Smithsonian Astrophysical Observatory
To enable robust detection of biosignatures in exoplanet atmospheric spectra by developing a framework that infers atmospheric properties from spectra, and an AI-based emulator that predicts spectra from molecular structure
In the search for exoplanet biosignatures, researchers have obtained an unprecedented volume of atmospheric spectra in recent years; primarily due to the James Webb Space Telescope (JWST; online since 2022), with more data expected in the coming years and decades as several planned, ground-based, large telescopes come online. The relevant signal for quantifying a possible biosignature is the atmosphere’s spectrum: the amount of light transmitted through the atmosphere, at different wavelengths, when the planet passes in between its star and Earth. By determining which wavelengths are transmitted through the atmosphere, one can, in principle, determine which molecules are present in the atmosphere and then infer if those molecules imply the presence of life on the planet. There are challenges, however, to analyzing atmospheric spectra for the presence of molecules that signal life.
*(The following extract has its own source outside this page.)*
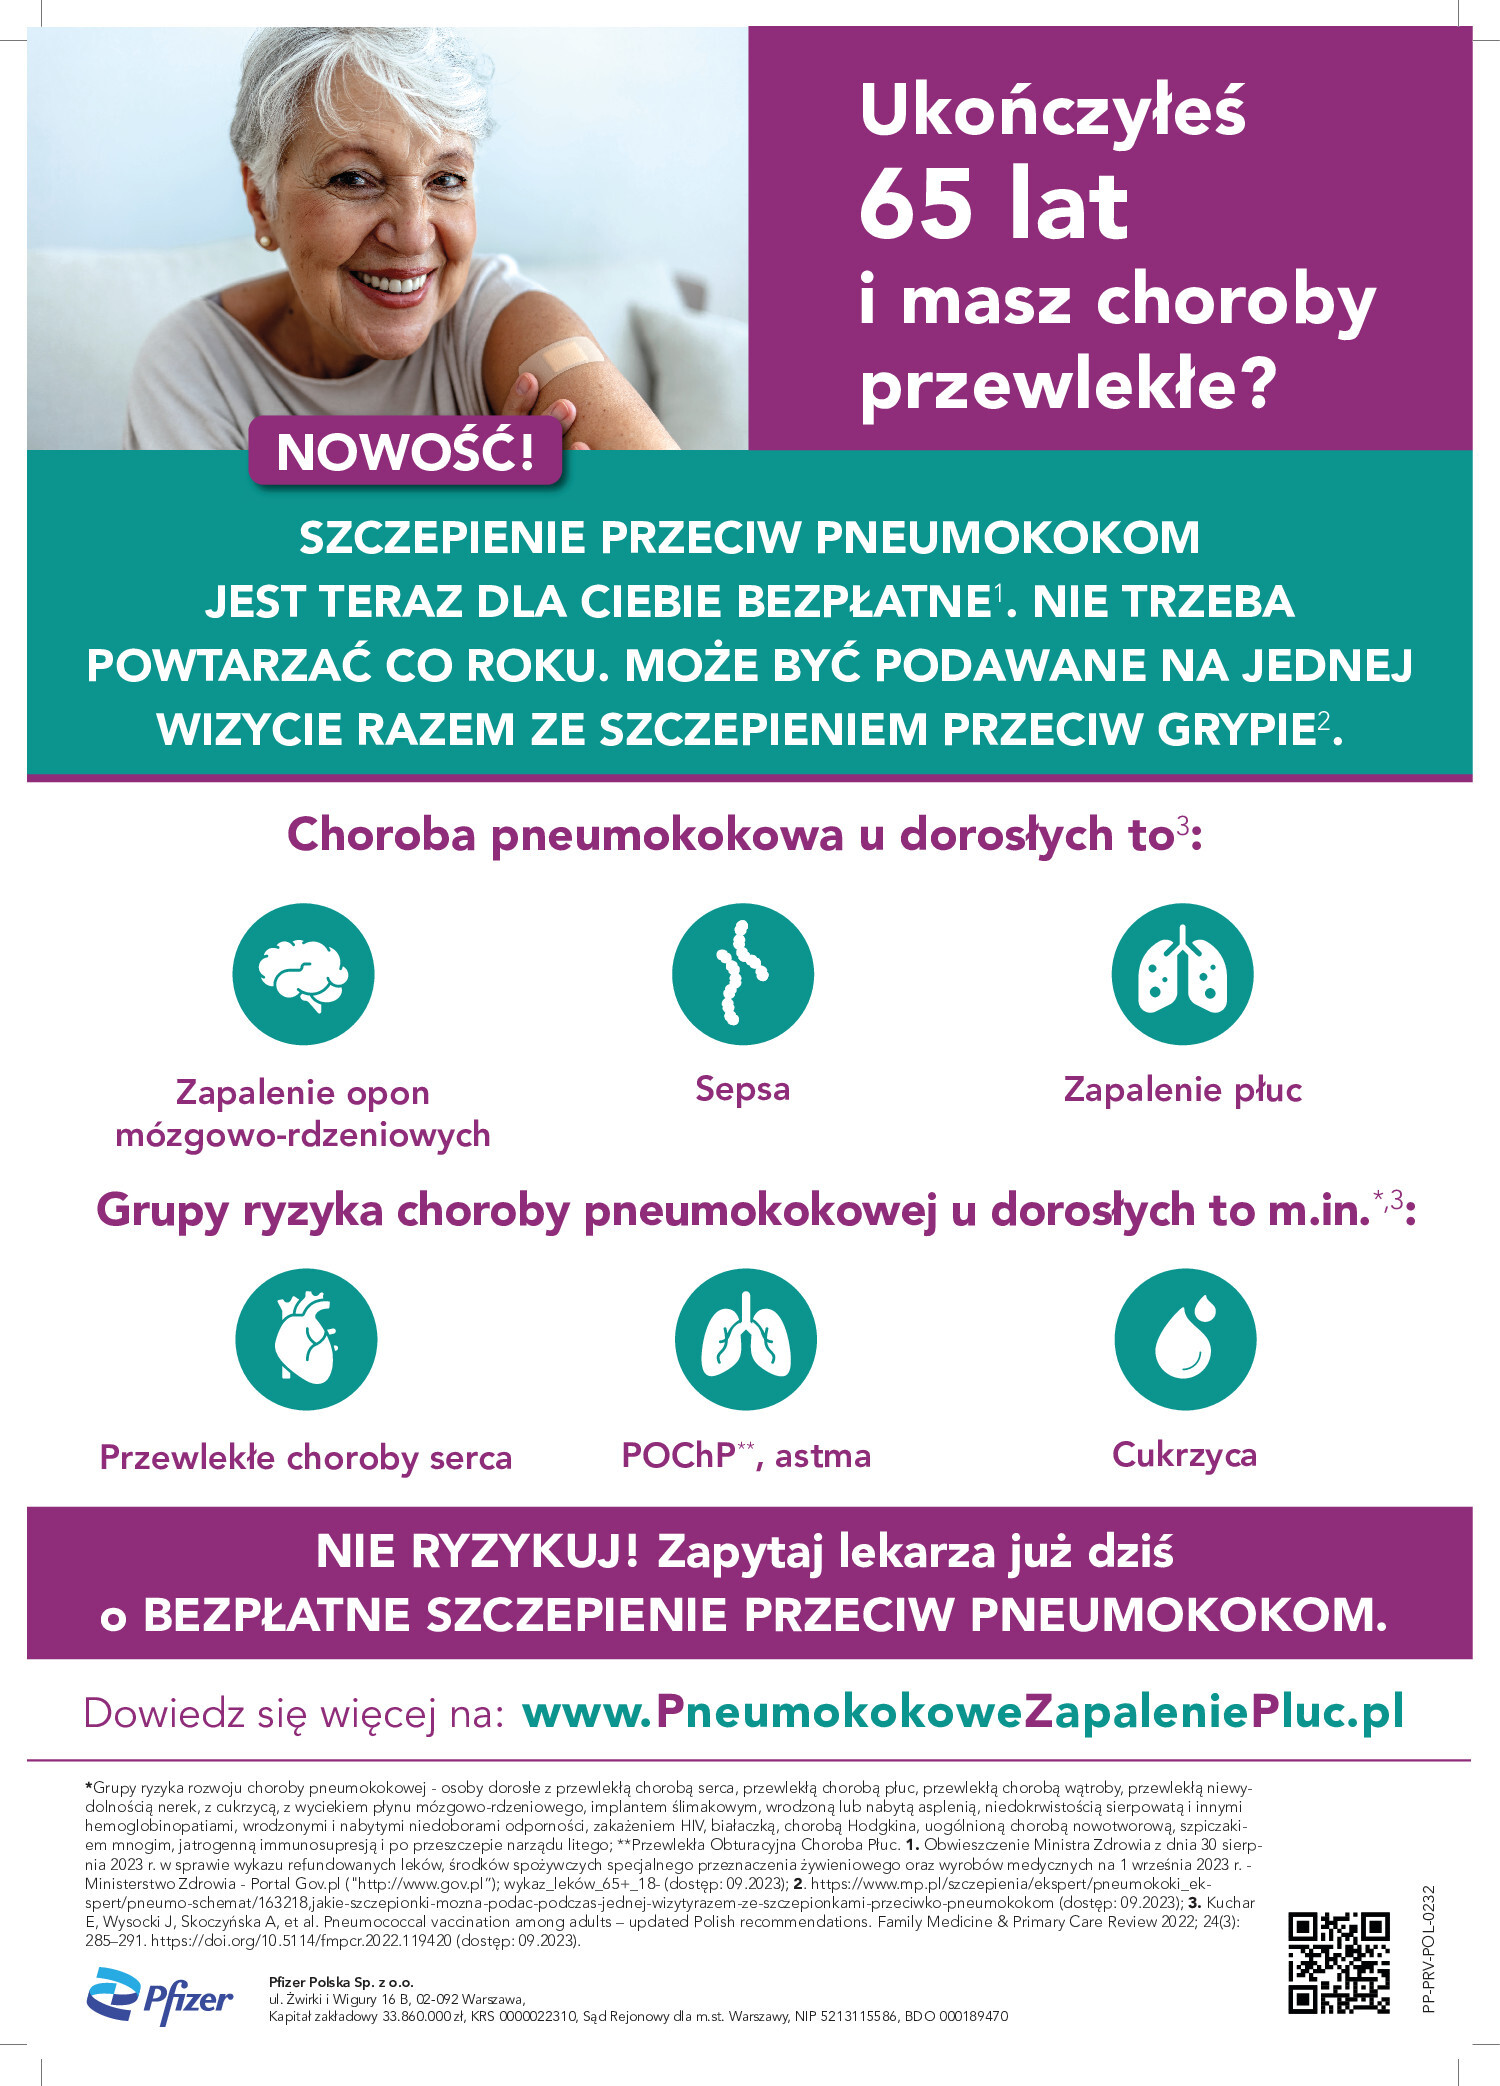 Plakat przedstawiający podstawowe informacje dotyczące szczepienia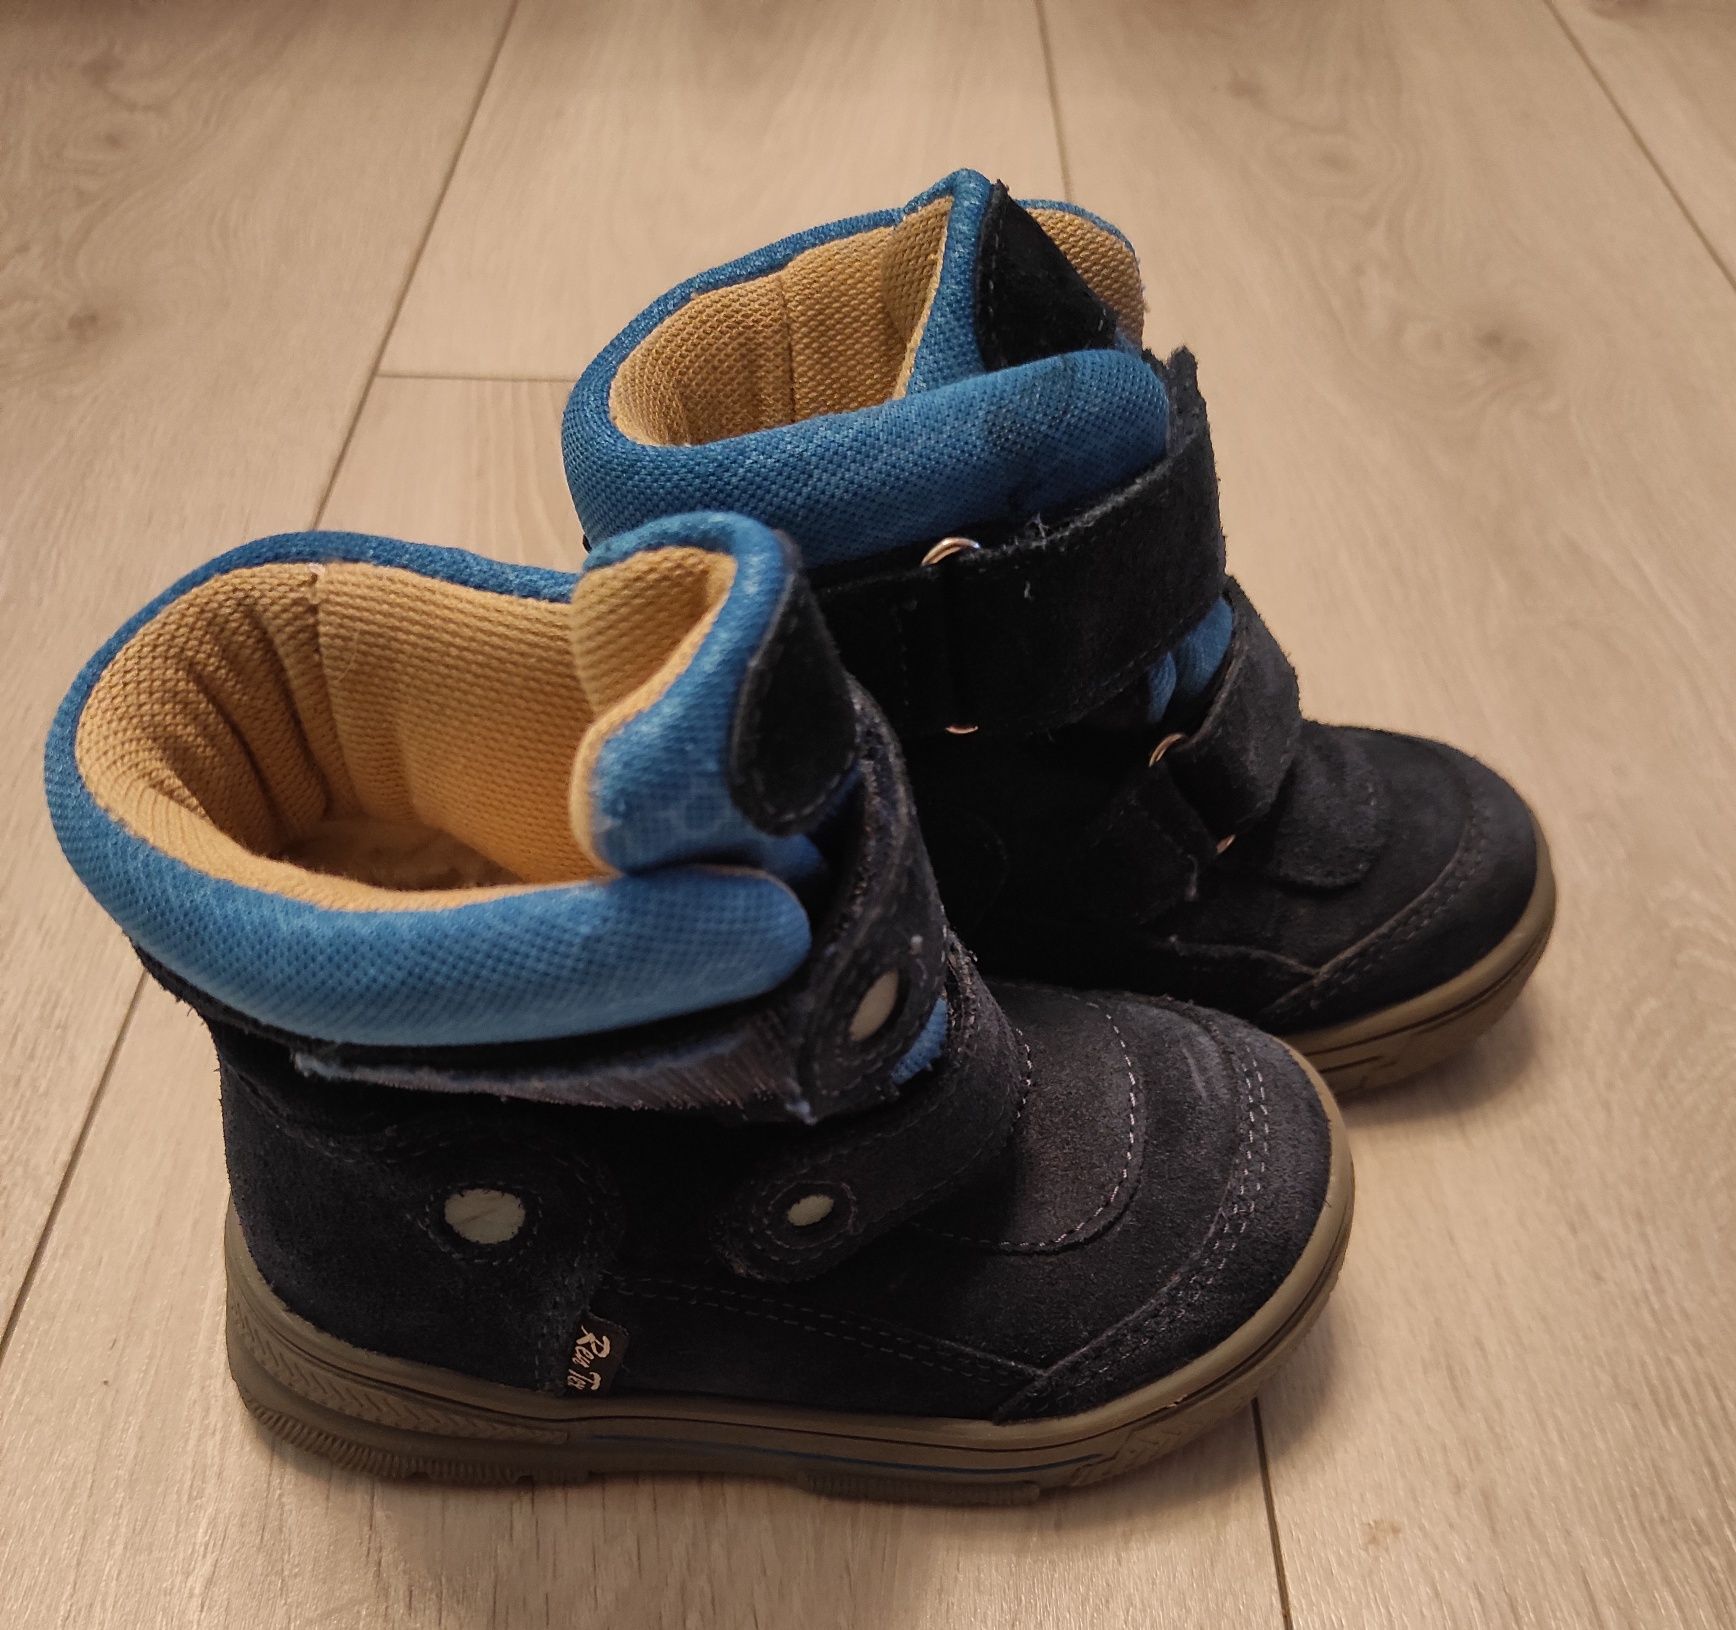 Chłopięce buty zimowe/śniegowce firmy Ren But rozmiar 23

First, current analysis models are too slow (computationally inefficient) and therefore only able to analyze a spectrum for the presence of one or two molecules at a time; this compared to a list of about 14,000 candidate biosignature molecules. Second, the library of known/tabulated molecular spectra is small, containing data for only a few hundred of the potential 14,000 biosignature molecules. Funds from this grant support a team led by Cecilia Garraffo, Director of the AstroAI Center at the Harvard/Smithsonian Center for Astrophysics to address both of these issues. Garraffo and her team will use advanced statistical techniques to iteratively improve a widely used analysis model, called POSEIDON, so that it can progressively analyze atmospheric spectra for many molecules at a time, rising eventually to an estimated 2000. In parallel, the team will use advanced machine learning techniques to develop, train, and validate an AI tool to predict how a molecule’s characteristics determine what sort of atmospheric spectra its presence would produce, adding an estimated 2000 molecules to the library that astronomers could use spectral analysis to search for. The effort, if successful, would lead to a significant improvement in our capacity to search atmospheric spectra for signs of extrasolar life.